Optional and Containers Indexes/Keys

In Argentum all standard containers, return optionals (?T) when indexed with x[i]. Therefore, Argentum makes it impossible to access beyond the array bounds or using an invalid key in associative containers.

a = Array(String);
a.append("Hello");

a[0] ? log(_)  // print the starting element of the array if it exists
log(a[0] : "") // print the starting element of the array, or an empty string

It not only helps to prevent OOB errors. It can drive business logic:

// Function gets an element from container and creates one if it's absent.
// It takes a container, a key, and a factory lambda:
fn getOrCreate(m MyMap, key int, factory()@Object) {
    // If element exists, return it.
    // Otherwise, call the lambda,
    // store its result into the container under the key,
    // and return it as its own result
    m[key] : m[key] := factory()
}

Speaking of indexing operation: x[expressions] is a syntactic sugar for calling the methods getAt | setAt. By defining such methods (with an arbitrary number of parameters of arbitrary types), you turn your class into a multi-dimensional containers.

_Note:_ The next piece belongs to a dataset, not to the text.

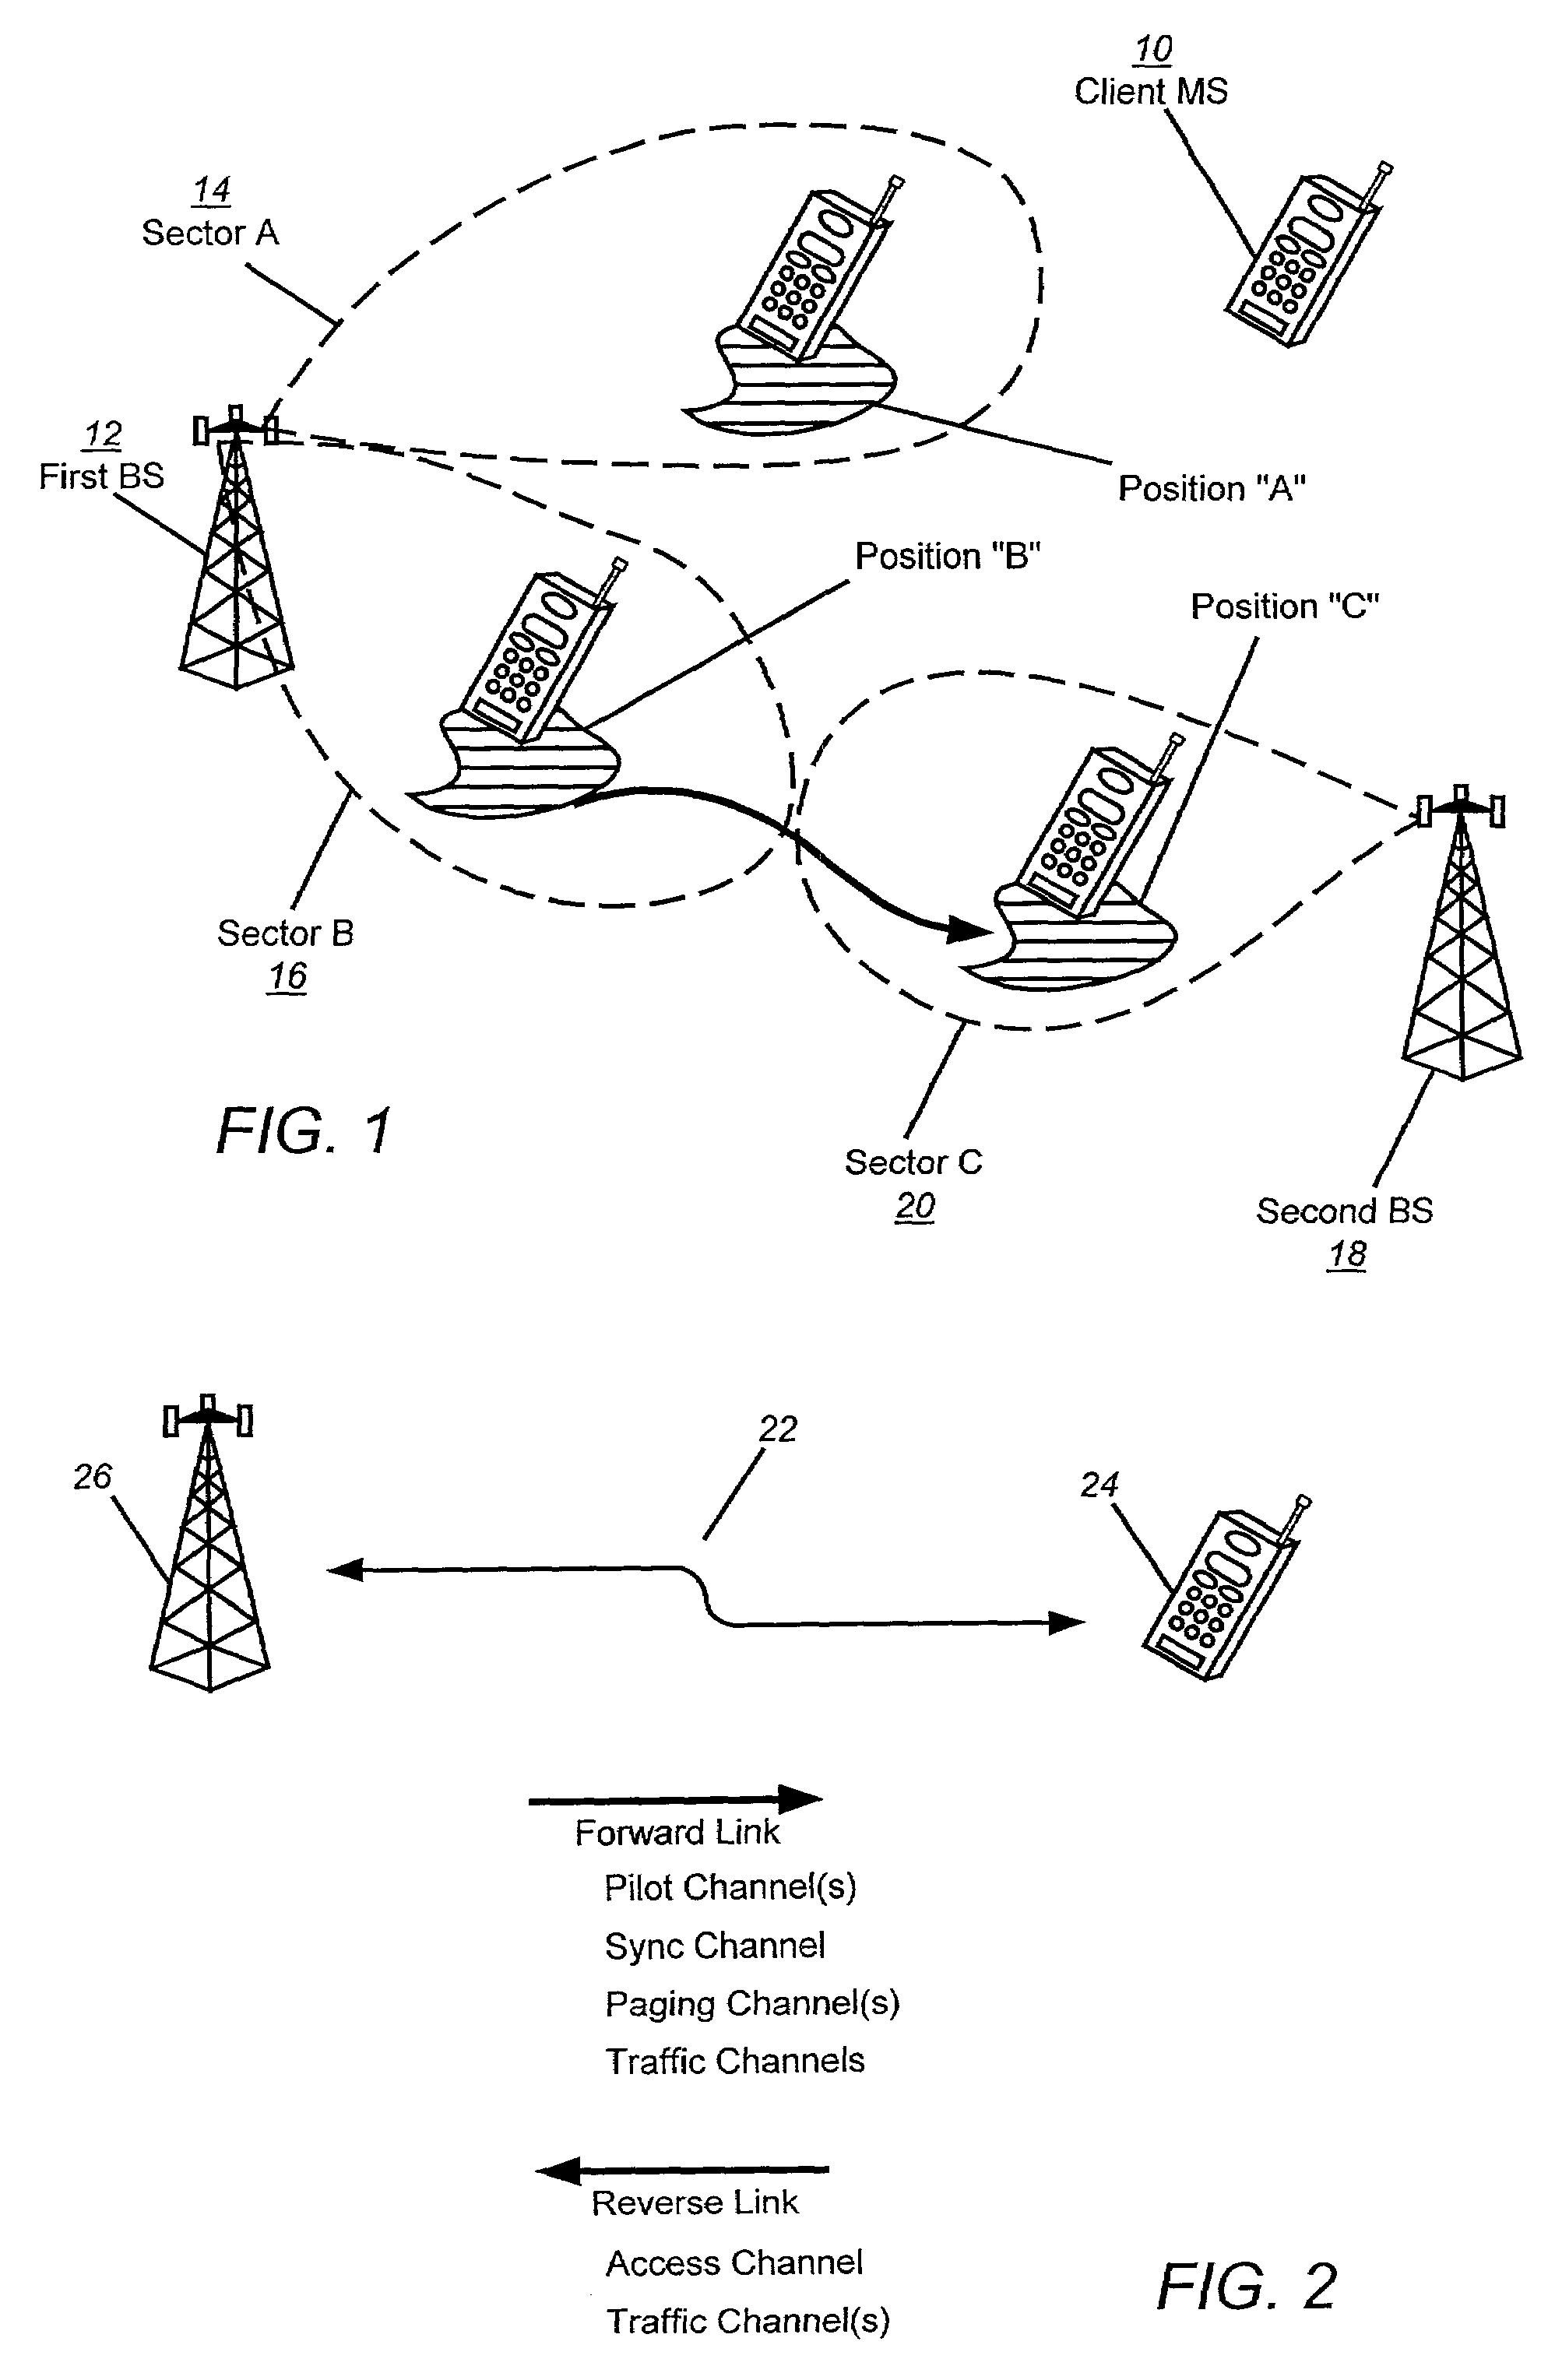 Forward link based rescue channel method and apparatus for telecommunication systems
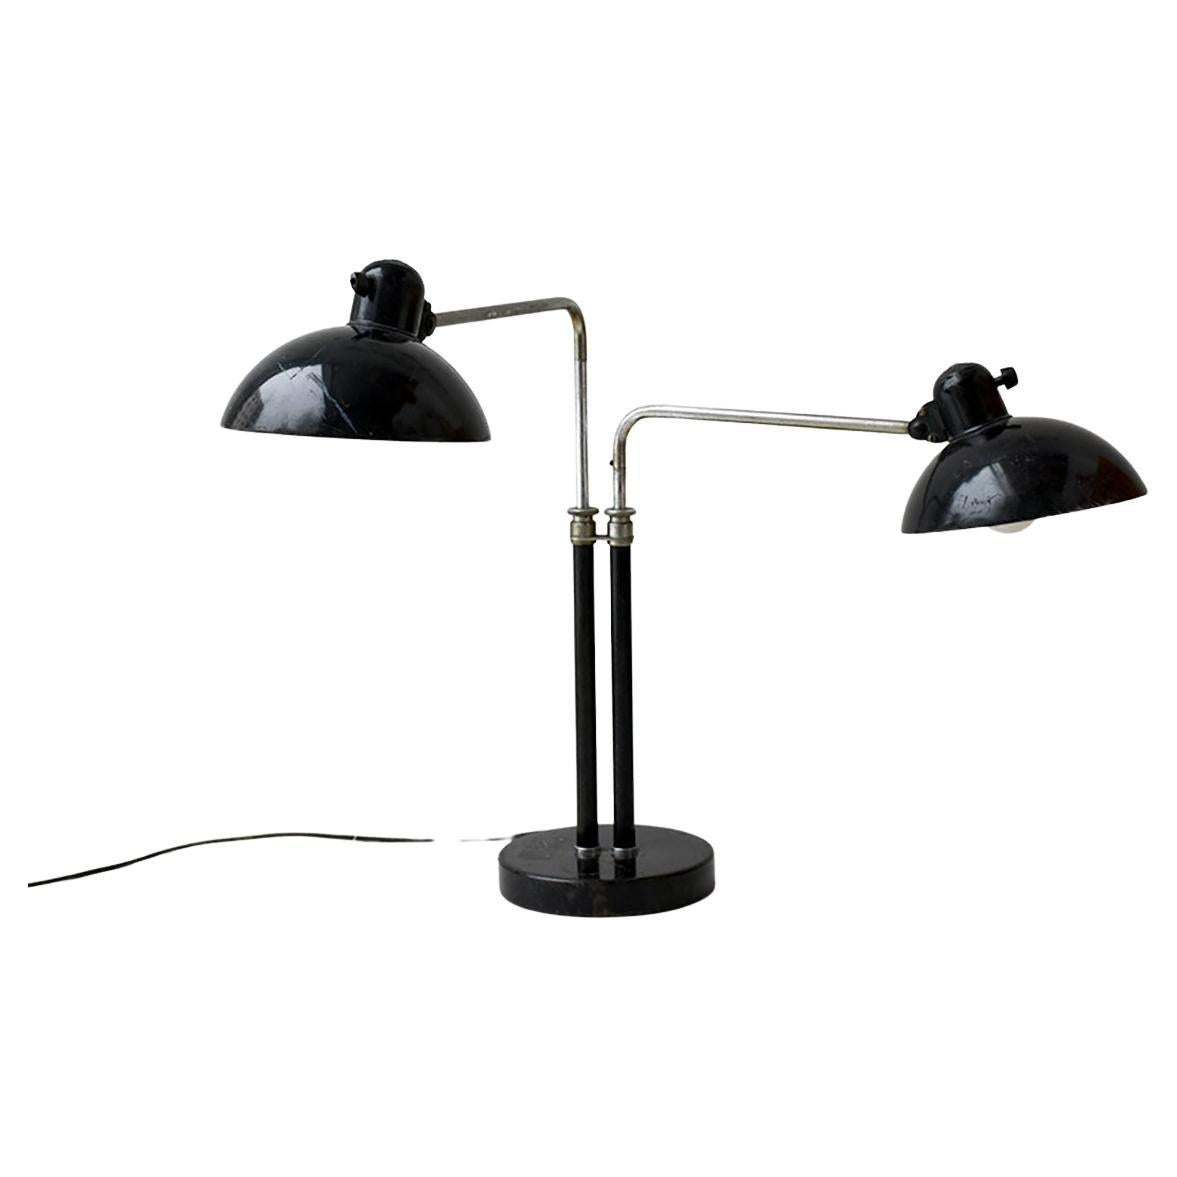 Bauhaus Double Arms Table Lamp 6580 by Christian Dell for Kaiser Idell, 1930s

Let's compare with other languages:

Java, C++ (with T::at), Swift, Go, Rust (with slice[index]) - perform runtime bounds checking and throw exceptions/panics. So resilience in these languages/scenarios require indexInBounds() ? container[index] :... double checks.

Rust slice.get returns optional, i.e. acts exactly as subscript in Argentum but with much heavier syntax:

// x = a[i] : 0;
let x = *a.get(i).unwrap_or(&0);

BTW. Iterators and forEach can reduce the number of subscripts but can't replace them entirely.